John Massengale, a noted architect and new urbanist, has been flaying Tulane Archiecture Dean Reed Kroloff for weeks now, and his criticisms are right on the money. Massengale on Kroloff

Kroloff represents the pinnacle of the establishment in architecture, which is to say that he is, in fact, a complete idiot when it comes to thinking about how people actually live.

Personally, I support the general urban planning tenets of "New Urbanism." I support dense, compact, walkable, mixed-use cities - which is why I have chosen to live in cities like Copenhagen, Washington, DC and New York. I have great disdain for gated subdivisions with non-sensical names, strip-malls, acres of parking and big-boxes. My disagreement with New Urbanism lies in its belief that the architecture should conform to a historicist model. It's fine if it is a pre-existing condition, but the success of a new urban space is not reliant on whether or not there is a pitched roof and various decorative (but otherwise non-functional) elements.
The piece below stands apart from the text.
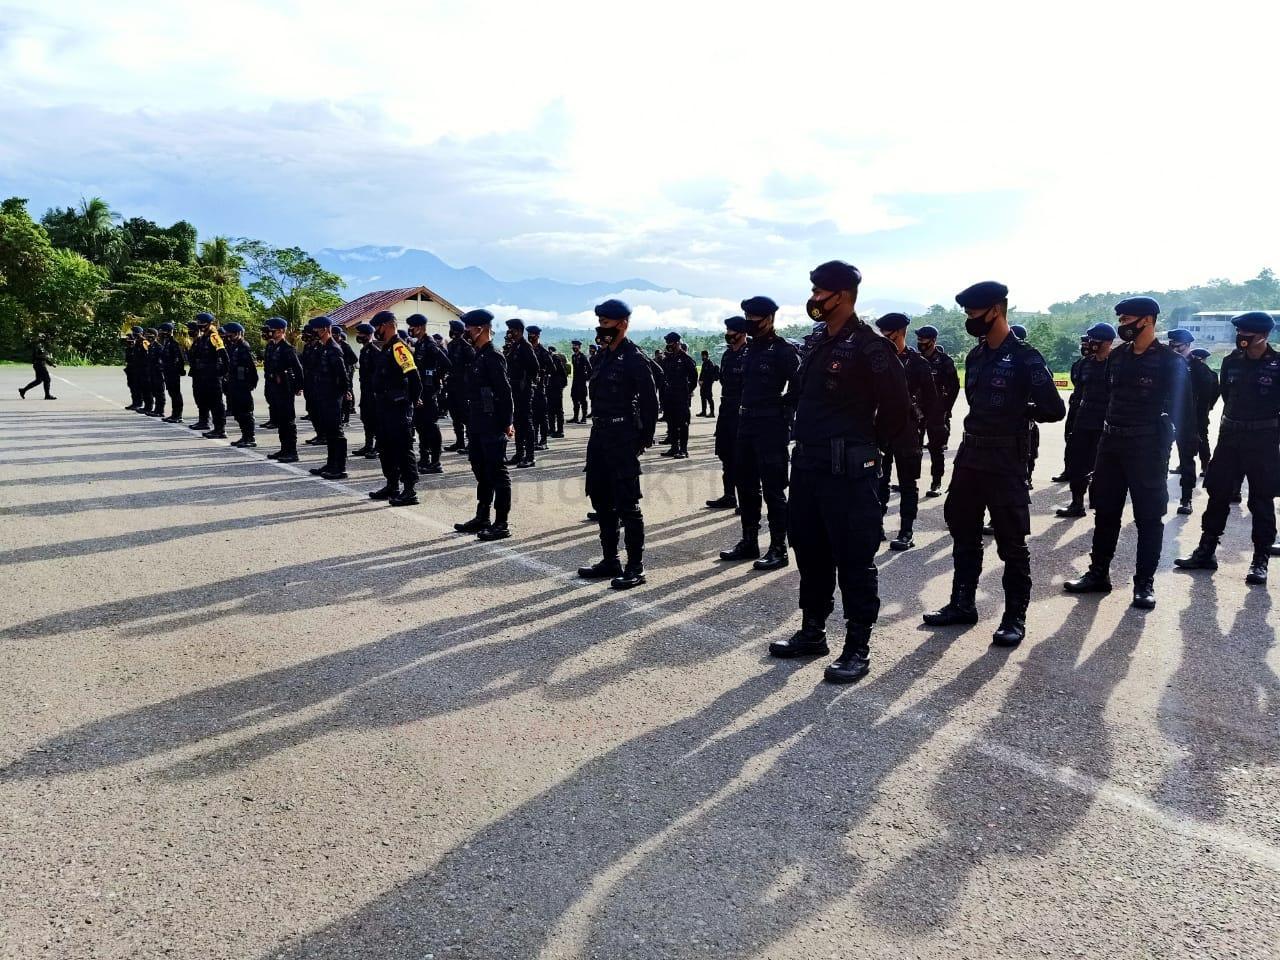 200 Personel Brimob Dari Kelapa Dua Jakarta Tiba di Papua Barat 2 IMG 20201206 WA0025

I'm sorry but John Massengale is a noted architect in the way that Bill O'Reilly is a noted journalist. While I haven't been following Reed Kroloff's plans for New Orleans, one thing I can say about him and other representatives of "the establishment" is that he is being thoughtful about the way we live. That is precisely what architects are trained to do - think about how we live and propose new ideas about how we may live in the future.

Massengale's approach to architecture and thinking about cities and space, on the other hand, is anti-intellectual. Sure, he can count Prince Charles as one of his allies, but what does the Prince know about how people actually live. The problem with his approach is that he wants to arbitrarily cut off progress in thinking about our physical environment. I don't know if he's chosen the year - 1890? 1920? 1930? - when it was all well and good in his eyes, but he seems to want to deny all architectural scholarship of the last 70-80 years.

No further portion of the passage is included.